Raw data.
*** Block opens ***
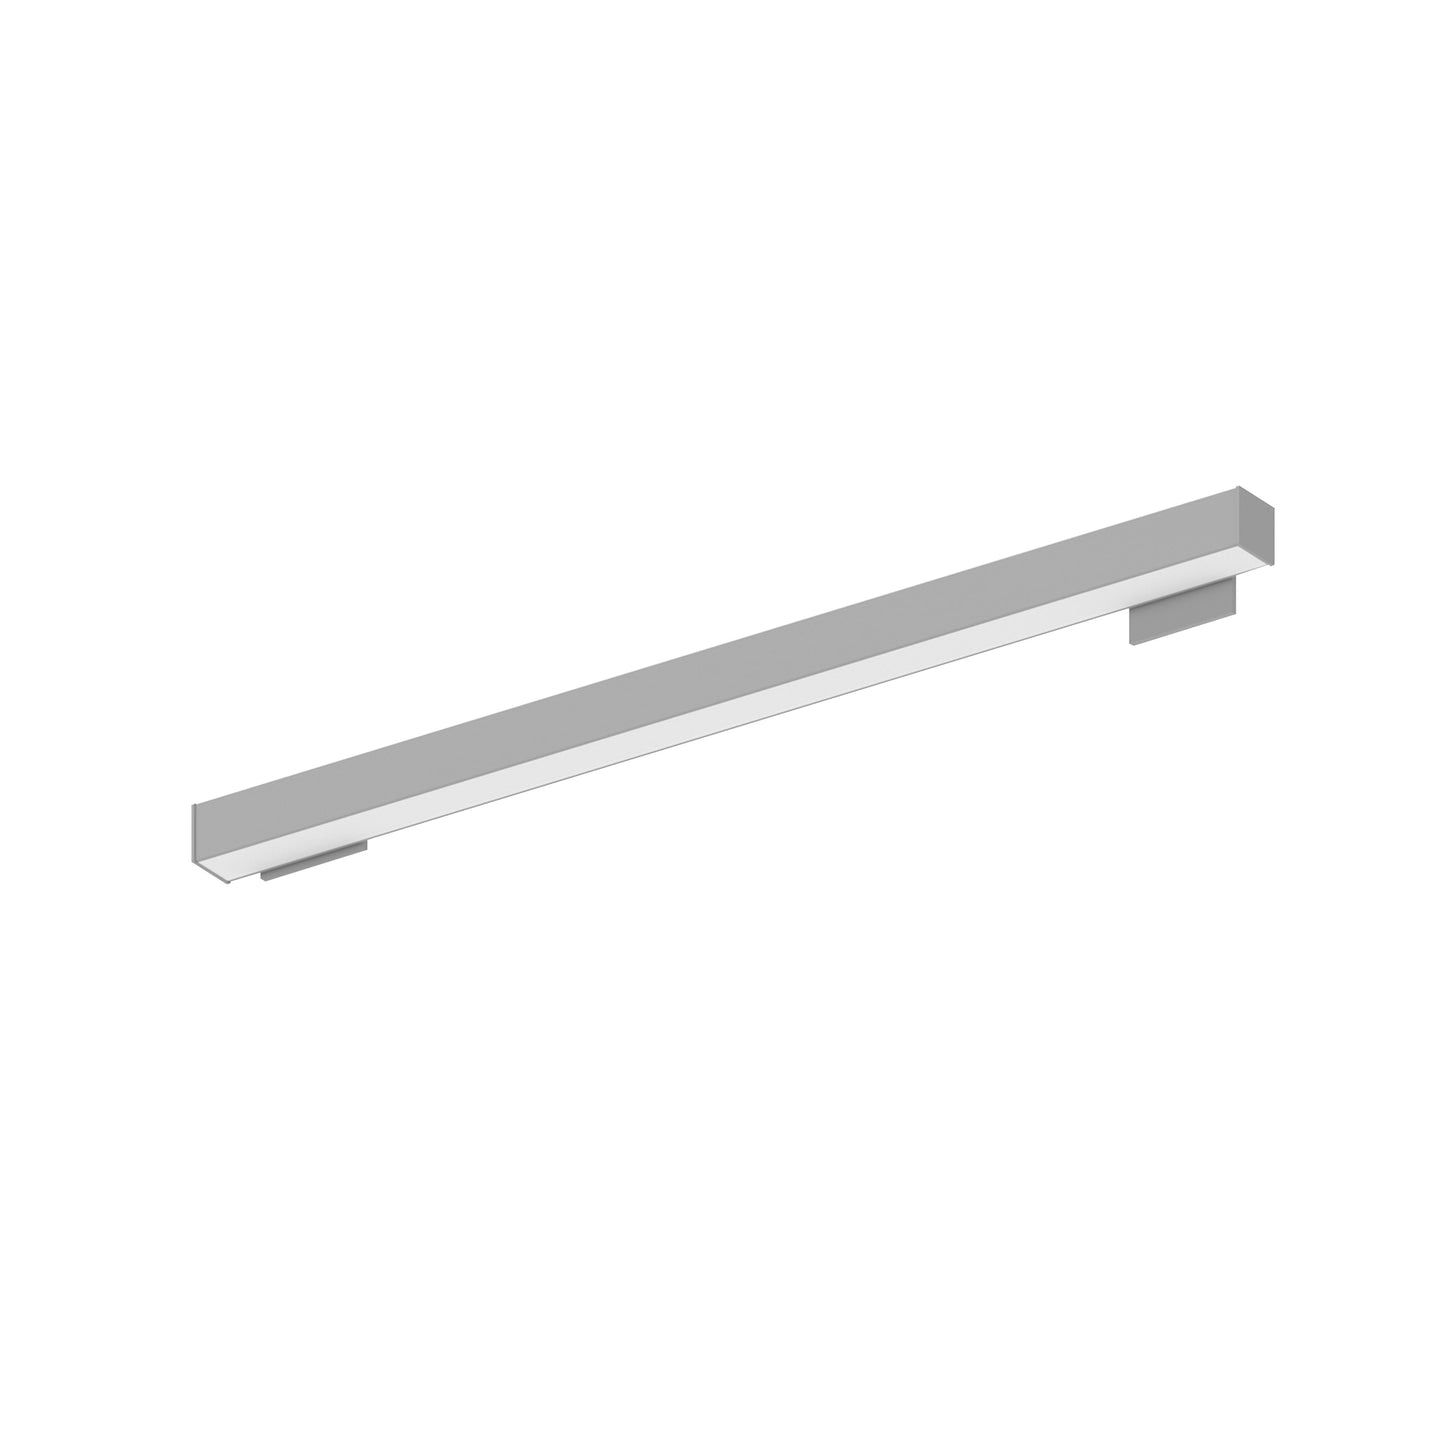 Nora Lighting 2' L-Line LED Wall Mount Linear, 2100lm / 4000K, 2"x4" Left Plate & 4"x4" Right Plate, Aluminum Finish   NWLIN-21040A/L2-R4
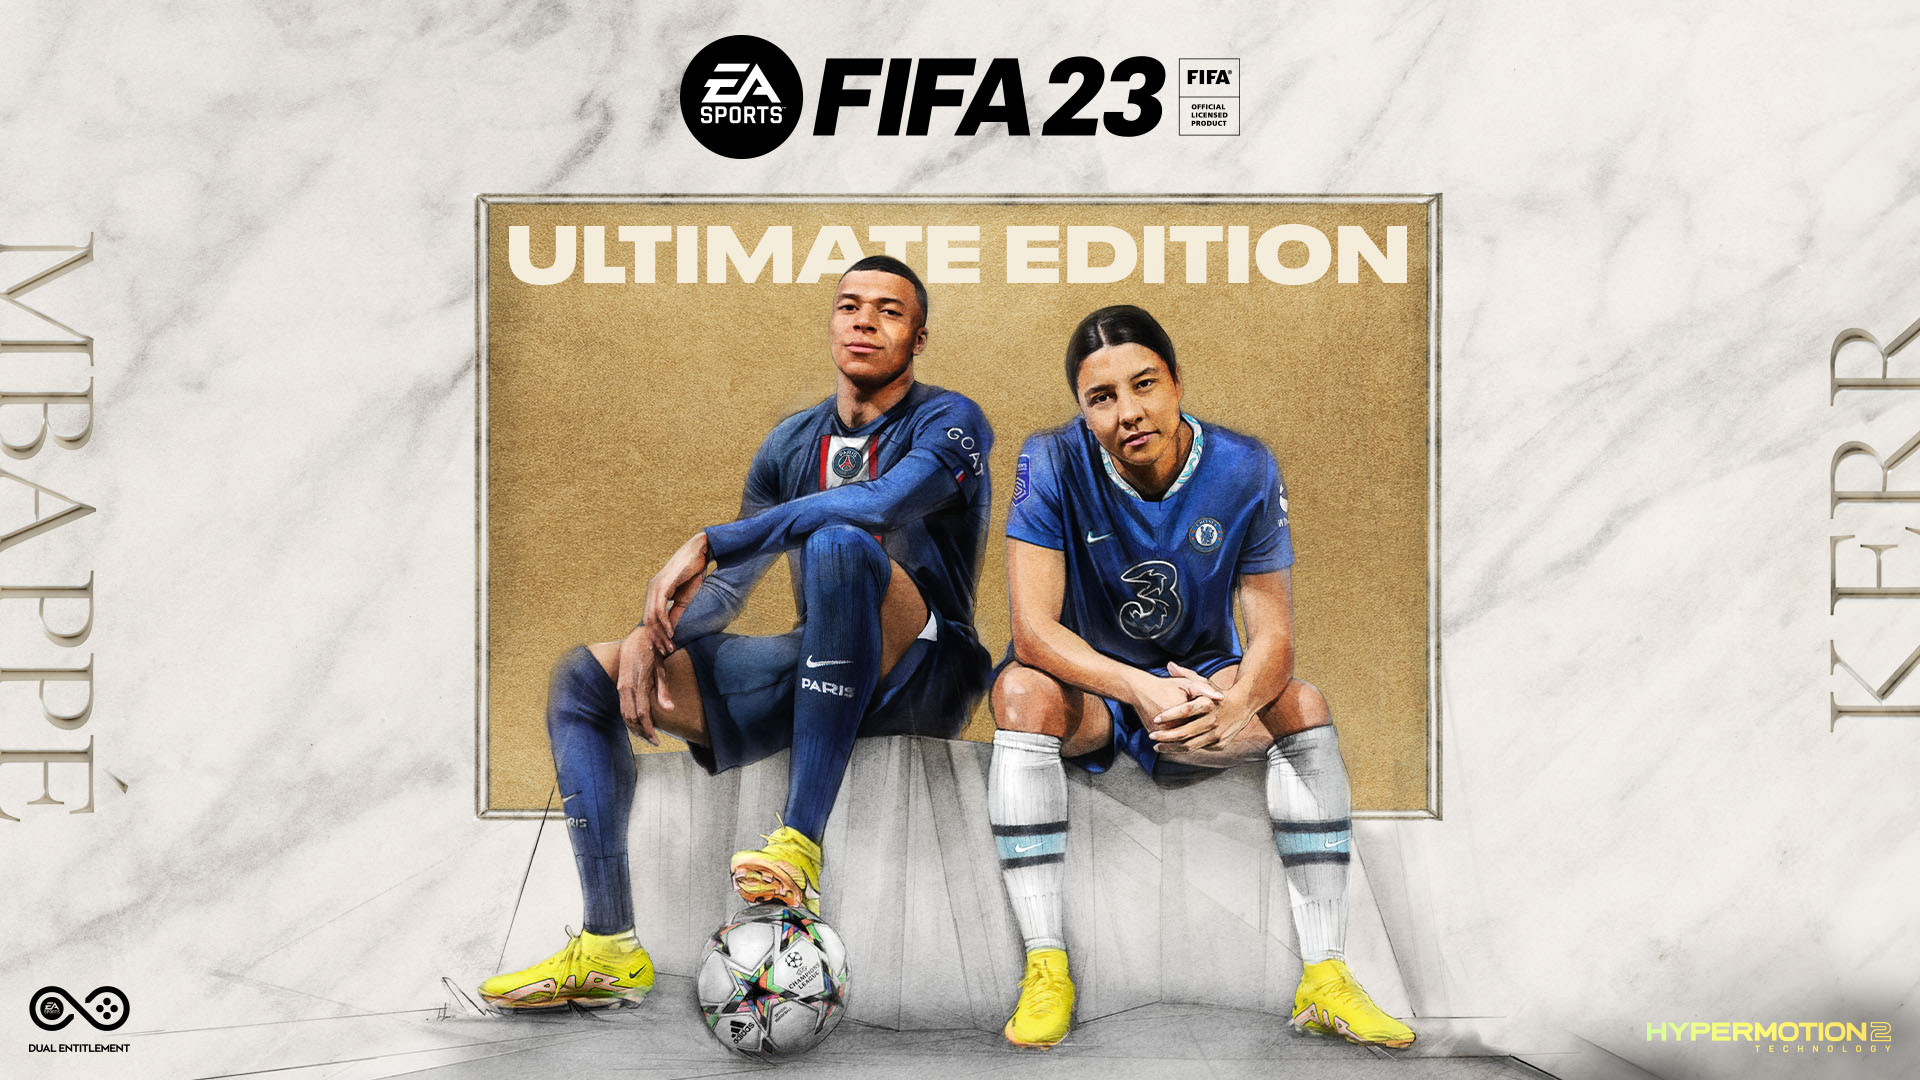 FIFA 23' has a female player on the Ultimate Edition cover for the first time
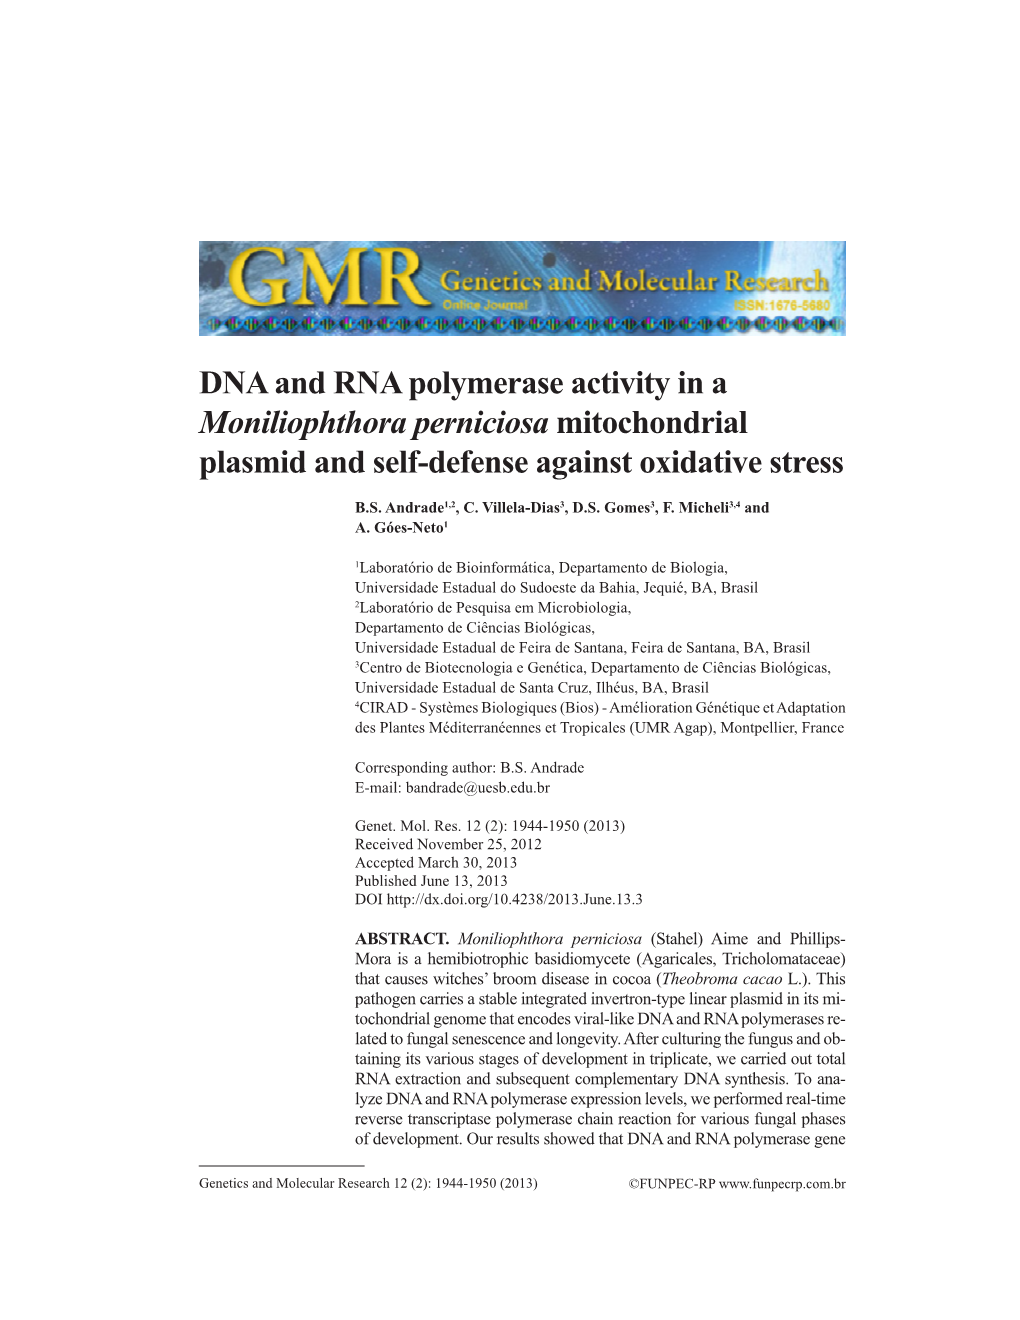 DNA and RNA Polymerase Activity in a Moniliophthora Perniciosa Mitochondrial Plasmid and Self-Defense Against Oxidative Stress
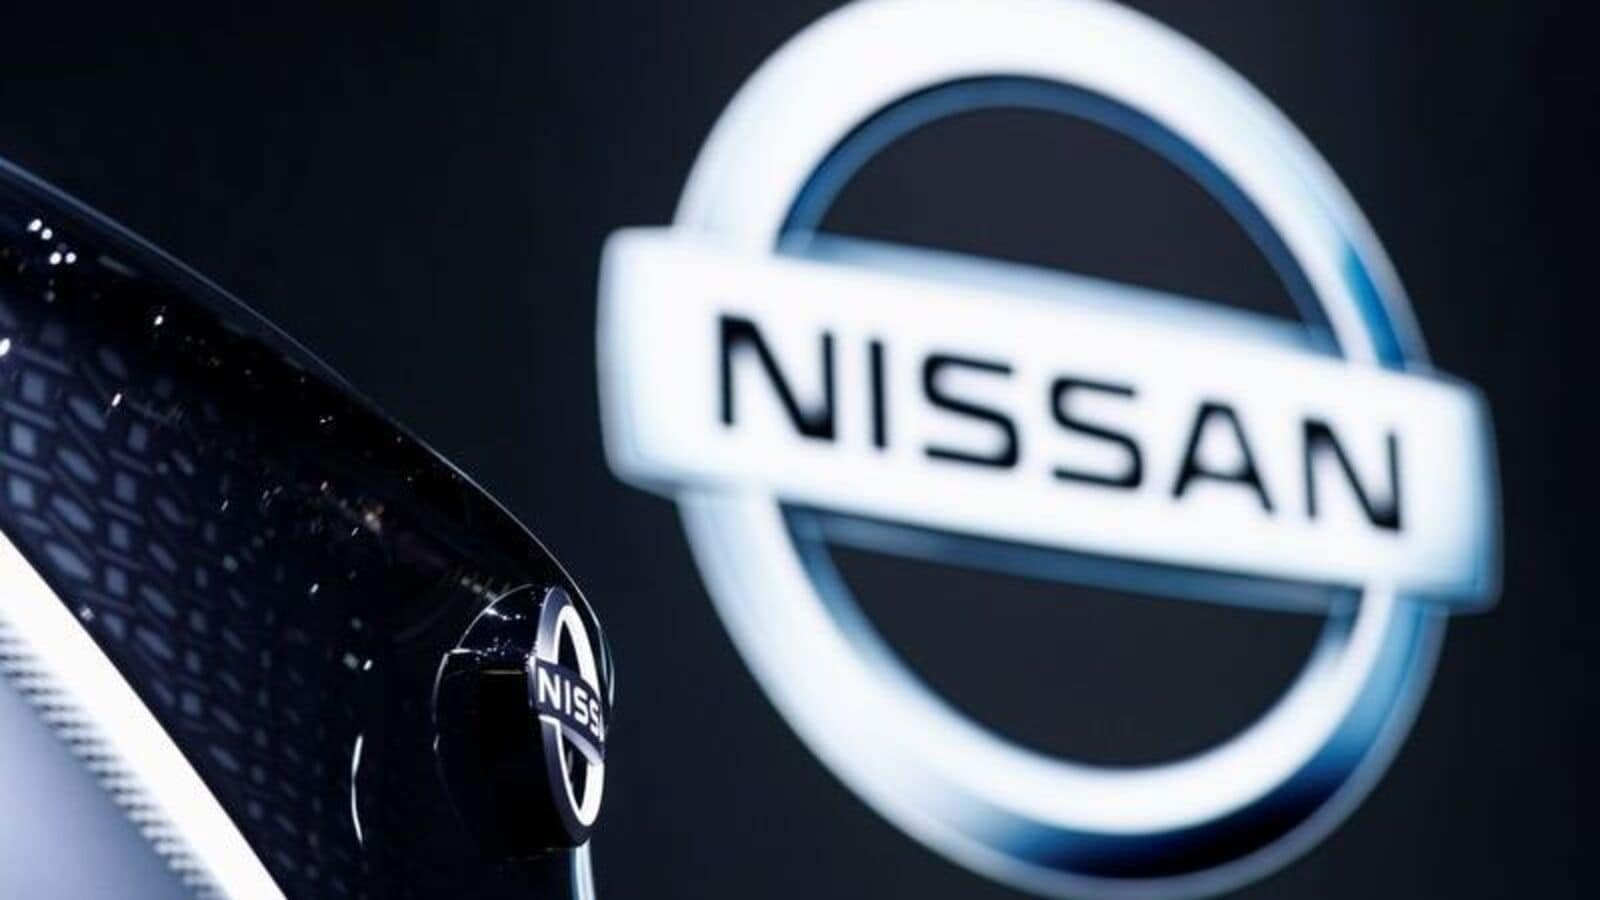 Nissan recalls over 4 lakh cars in US over faulty airbag emblem issue
*** Block closes ***
Task instructions.
Would you please copy the listing exactly, omitting every picture?

Exercise solution.
 Nora Lighting 2' L-Line LED Wall Mount Linear, 2100lm / 4000K, 2"x4" Left Plate & 4"x4" Right Plate, Aluminum Finish   NWLIN-21040A/L2-R4
 FIFA 23' has a female player on the Ultimate Edition cover for the first time
 DNA and RNA Polymerase Activity in a Moniliophthora Perniciosa Mitochondrial Plasmid and Self-Defense Against Oxidative Stress
 Nissan recalls over 4 lakh cars in US over faulty airbag emblem issue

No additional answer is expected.